You can click Restore Encrypted Files to restore the backup files if ransomware is detected.

Snapshot-Based Ransomware Recovery: A snapshot of the endpoint is captured at noon daily. The snapshot size cannot exceed the predefined value, typically set at 10% of the disk space by default. You can choose whether to enable the Snapshot-Based Ransomware Recovery feature on the manager. When the ransomware encrypts files on the endpoint, you can click Restore All Files on Endpoint Secure Agent to restore all files from the latest snapshot captured at noon.

Note:
The Snapshot-Based Ransomware Recovery feature is only supported on Windows Server agents.

Network Protection

The Network Protection settings include detection thresholds for RDP brute-force attacks, SMB brute-force attacks, and MSSQL brute-force attacks.

Trigger: You can specify the threshold for identifying a quick brute-force attack. A brute-force attack is identified as a quick attack if the number of consecutive attempts exceeds the specified value within a minute. For RDP and SMB quick brute-force attacks, you can specify an integer in the range of 1 to 100 and an integer in the range of 20 to 1,000, respectively. Slow and distributed brute-force attacks are identified based on an intelligent algorithm.

Web Protection

For Windows Server, you can view the configuration of Webshell Protection.

Method: Available options for scan method include Realtime and Scheduled.

Realtime: Scan new files on the endpoint in real time.

Scheduled: Scan all files on the endpoint as scheduled.

Action: You can specify the action for detected web shells. Supported options include Auto fix and No Action – Report Only.

Note:
You can only assess the Web Protection page from the Windows Server agent.

Notification

The Notification page includes settings for Virus scan notifications, Realtime file protection notifications, Hacktool protection notifications, and PowerShell fileless attack notifications. Endpoint users can customize the configurations to choose whether to allow pop-up prompts based on their actual needs.

Others

You can view the configuration related to USB Control.

Logs

Click the Menu icon in the upper right corner of the agent to view the logs, as shown below.

The Logs page contains logs for Virus Scan and Realtime Protection.

Realtime Protection logs are security logs generated when threat files are detected after enabling real-time file monitoring.

Virus Scan logs refer to the operation logs after virus scans are performed. Click View in the Details column for detailed information about the virus scan, as shown in the figure below.


Quarantine/Trust

Endpoint Secure detects threat files and moves them to the Quarantine area after processing. You can view these quarantined files. You can add false positive files to the Trust zone. Files added to the Trust zone will automatically bypass virus scanning and real-time file monitoring.

Click the Menu icon in the upper right corner of the agent to open the Quarantine area and Trust zone, as shown below.

After entering the Quarantine area, you can Restore, Delete, or Clear the files in the quarantine, as shown in the figure below.
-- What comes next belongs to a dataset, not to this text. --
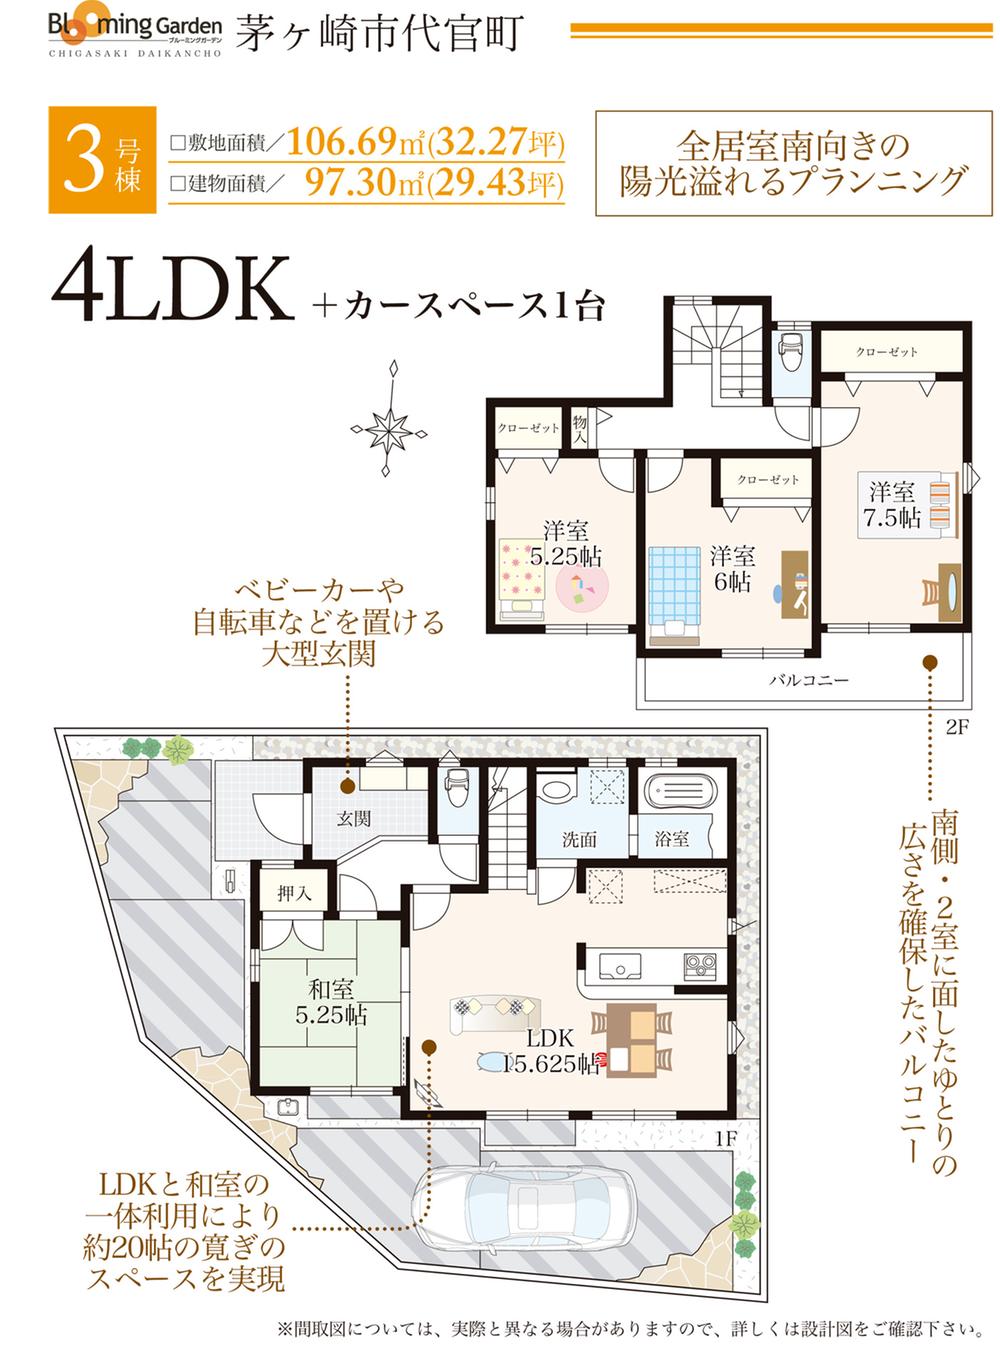 Floor plan. ○ 3 Building: floor plan

You can enter the Trust zone and add trusted files, directories, and processes, as shown below.

Taskbar Tray

The tray in the lower right corner of the operating system taskbar provides some quick operations for the Endpoint Secure Agent. Right-click the icon to display the menu, as shown in the following figure.

Uptime: X Days: Check the time the endpoint has been protected.
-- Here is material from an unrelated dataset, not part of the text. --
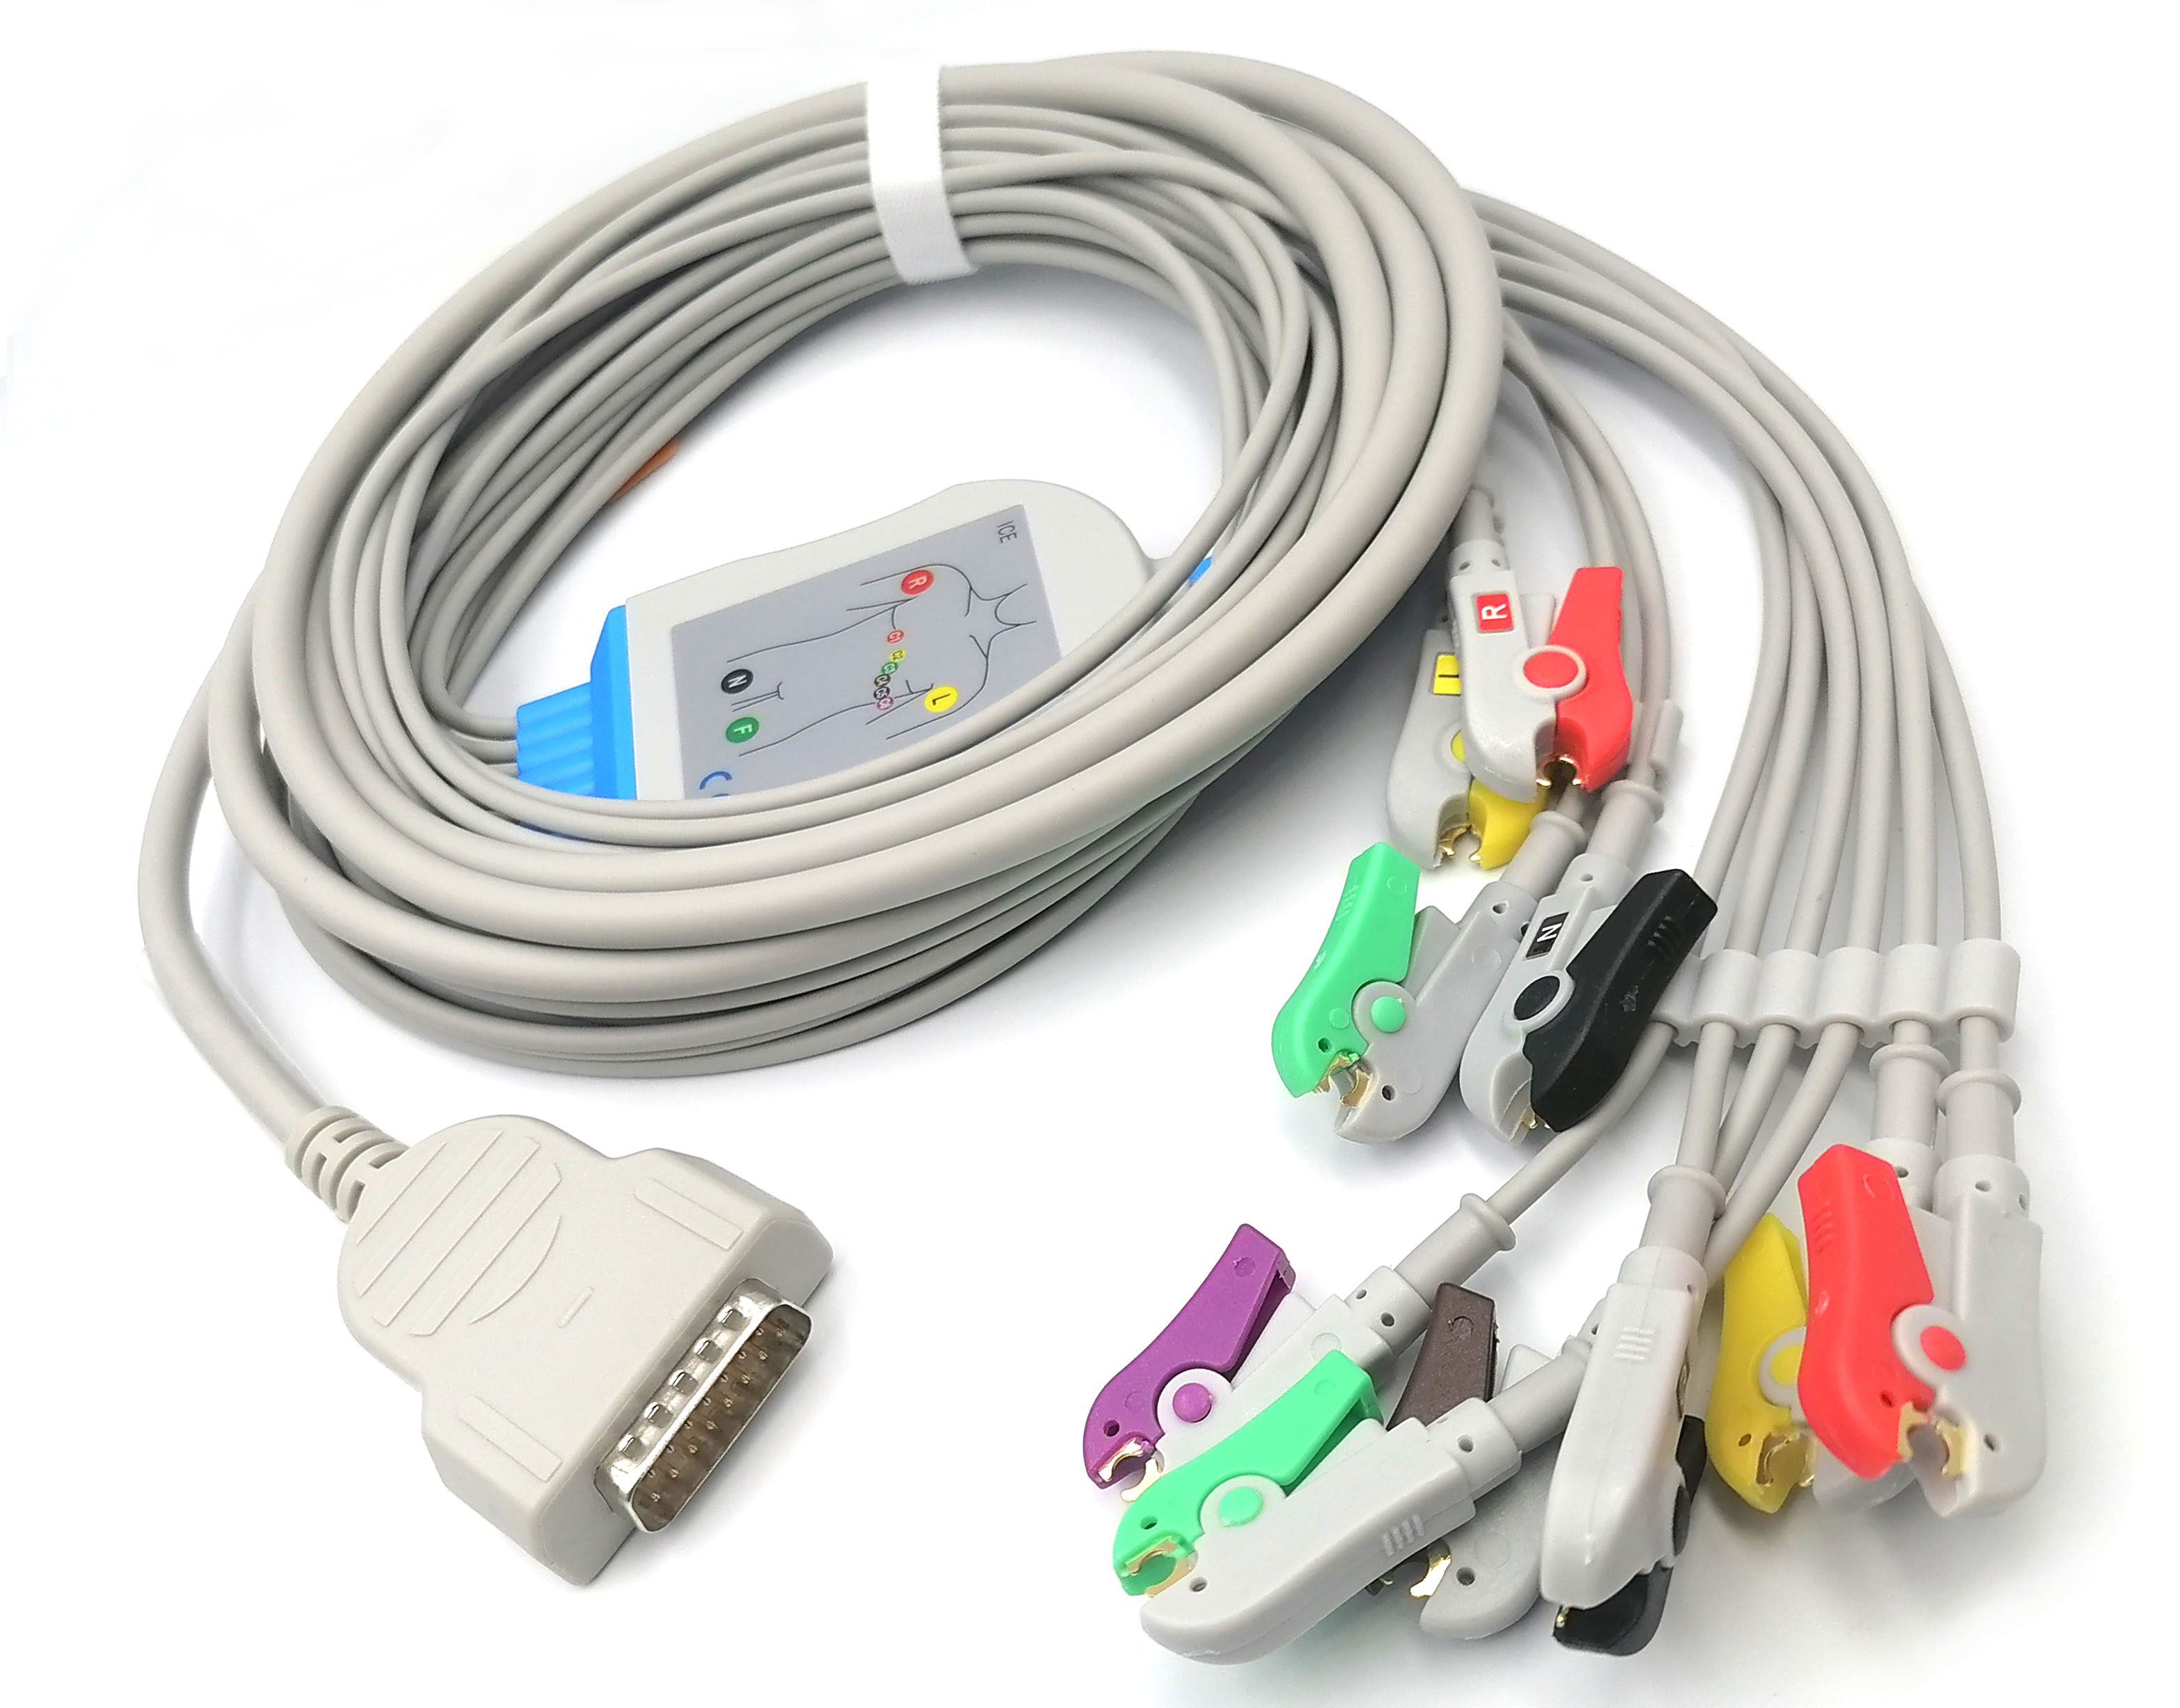 ЭКГ кабель пациента с интегрированными отведениями для GE Marquette  MAC 400, MAC 500, MAC 600, MAC 800, MAC 1000, MAC 1100, MAC 1200, MAC 1200ST, MAC 1600, MAC 2000, MAC 3500, Microsmart M, Hellige Micro Smart, 10 отведений, клипсы

The tray offers shortcuts to functions like Security, Virus Scan, Realtime Protection, Asset, Quarantine, and Logs.

Mute Notifications: If the Mute Notifications mode is enabled, Endpoint Secure will not pop up alerts when it detects threat files. This feature can be configured by the endpoint user individually or by the administrator in the manager.

Admin Remote Control: This determines whether the manager’s administrator is allowed to access the endpoints remotely.

Admin: Click Admin to view the manager’s administrator information. Endpoint Secure users who need assistance can easily find the administrator’s contact information.

FAQs

How to use the Agent for Linux and macOS?

  1. For Linux endpoints, an agent with a UI is not available yet.

  2. For Mac endpoints, the page functions are relatively brief. Please refer to the agent usage instructions for Windows.